To finance its Rocky Mountain exploration and pay down debt, Newfield Exploration Co. Thursday agreed to sell all of its natural gas-heavy properties in the shallow waters of the Gulf of Mexico (GOM) to McMoRan Exploration Co. for $1.1 billion. Newfield, which plans to keep its deepwater leases, said the sale was one of several divestitures planned over the next few months.

The Outer Continental Shelf properties, 70% weighted to natural gas, include 125 fields on 146 offshore blocks that are currently producing 270 MMcfe/d; Newfield’s net production from the assets in the first half of 2007 is expected to be 46 MMcfe/d. Proved reserves are estimated to be 327 Bcfe. Offshore leases included in the purchase agreement total 1.3 million gross acres.

In addition to the shelf properties, McMoRan will assume ownership in Newfield’s ultra-deep acreage in its Treasure Island and Treasure Bay exploration program. Newfield will retain a working interest of 10-25% in the Treasure Island and Treasure Bay acreage, which encompasses 85 lease blocks. In addition, McMoRan will join Newfield in a 50-50 joint venture on Newfield’s primary term shelf acreage. This venture will cover 19 lease blocks, or nearly 100,000 gross acres.

In a conference call to discuss the purchase, McMoRan Co-Chairman Richard Adkerson said the transaction will increase the New Orleans-based producer’s reserves fivefold to more than 400 Bcfe and give it a production rate of more than 300 MMcfe/d. McMoRan’s GOM operations produced 70 MMcfe/d in the first quarter.

As long as natural gas prices remain stable or move higher, the deal is a positive for McMoRan, said Stanford Group Co. energy analyst Philip Dodge.

“It’s going to be a whole new company,” Dodge wrote. “It’s an aggressive but smart move. McMoRan knows the geological setting of the Gulf of Mexico shelf better than anybody in the business,” Dodge wrote. “So they are eminently qualified to evaluate the exploration prospect on that acreage.”

For Newfield, the transaction gives it some leverage to spend more on its exploration of the Rocky Mountains. Last month, Newfield spent $575 million to acquire Stone Energy Corp.’s Rockies assets (see Daily GPI, May 15).

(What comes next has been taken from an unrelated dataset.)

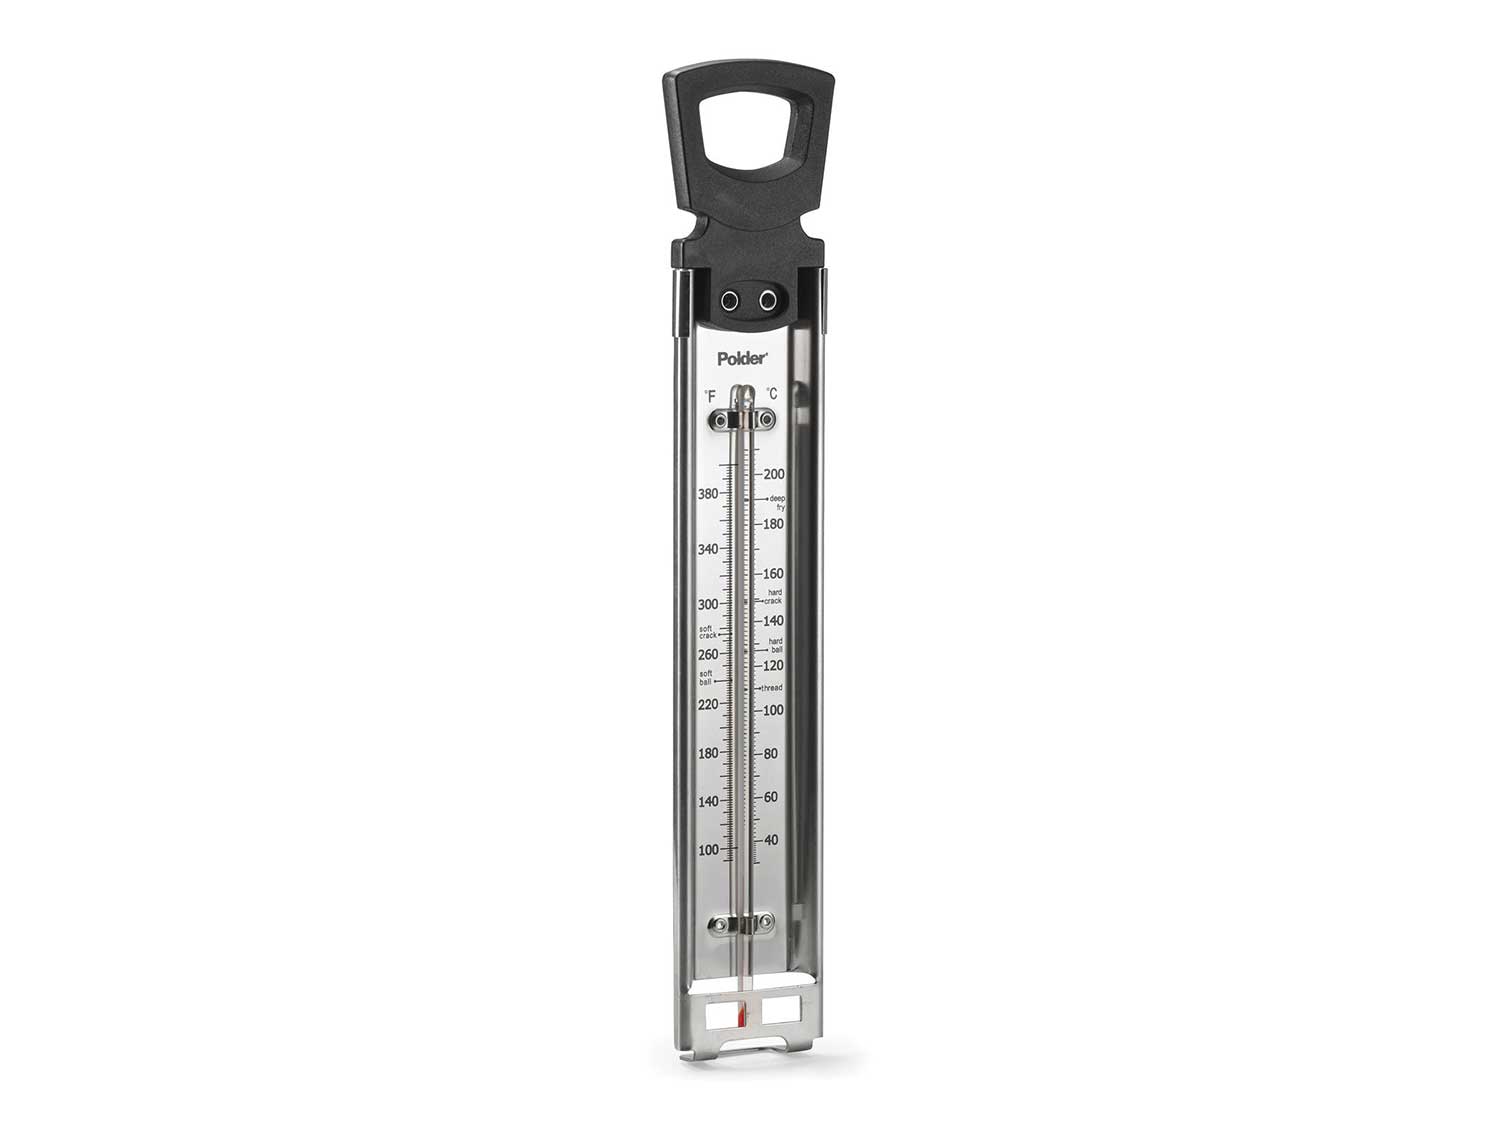 Making Candy? A Precise Thermometer Is A Must-Have Tool

“Today’s announcement is a significant step in our on-going plan to create a longer-lived reserve base with sustainable and predictable production growth,” said Newfield CEO David A. Trice. “The sale of our shelf properties is the first in a series of planned divestitures that also includes our assets in Bohai Bay China, the North Sea and select properties in Texas and Oklahoma.

The sale to McMoRan represents about 25% of Newfield’s total production. While it will affect cash flow in the near term, longer term, the company will have a longer-life asset base. Most of the divestitures are expected to be completed in the third quarter.

According to SunTrust Robinson Humphrey/Gerdes Group energy analyst John Gerdes, the transaction value per the reserve number provided by McMoRan is at $3.36/Mcfe, which is about 5% below the median of recent transactions in the GOM.

“The transaction will be a little dilutive to cash flows initially,” Gerdes wrote in a note. “But now Newfield can focus on their bread-and-butter assets.”

Standard & Poor’s Ratings Services analyst Paul B. Harvey wrote that the sale “continues Newfield’s transformation from a pure-play offshore Gulf operator to one with a more balanced asset portfolio.” He said Newfield “continues to refocus on longer lived and more predictable onshore assets.”

“Pro-forma for these transactions,” said Trice, “our reserve life should increase to approximately 11 years and we will have visible production growth from the development of our in-hand assets. Newfield has a long history in the Gulf of Mexico and we will continue to focus on growing our deepwater portfolio where we have an interest in three producing fields and two field developments under way that will create future production growth.”

Trice noted that “McMoRan has acquired some very good properties in this transaction. But the most valuable assets will be the people who will join McMoRan’s team. Their efforts are responsible for Newfield’s success in the Gulf of Mexico. We will be retaining our shelf exploration team and we will continue to explore and drill shelf prospects.”

Newfield expects to utilize Internal Revenue Code Section 1031 Tax Deferred Exchange rules for the sale of its shelf assets and its recent Stone Energy acquisition. As a result, after-tax proceeds from the sale of the GOM assets are expected to be more than $1 billion. Utilization of Sec 1031 rules creates nearly $30 million of additional value in these transactions, Newfield said. The effective date of the transaction is July 1, and the sale is expected to close in July.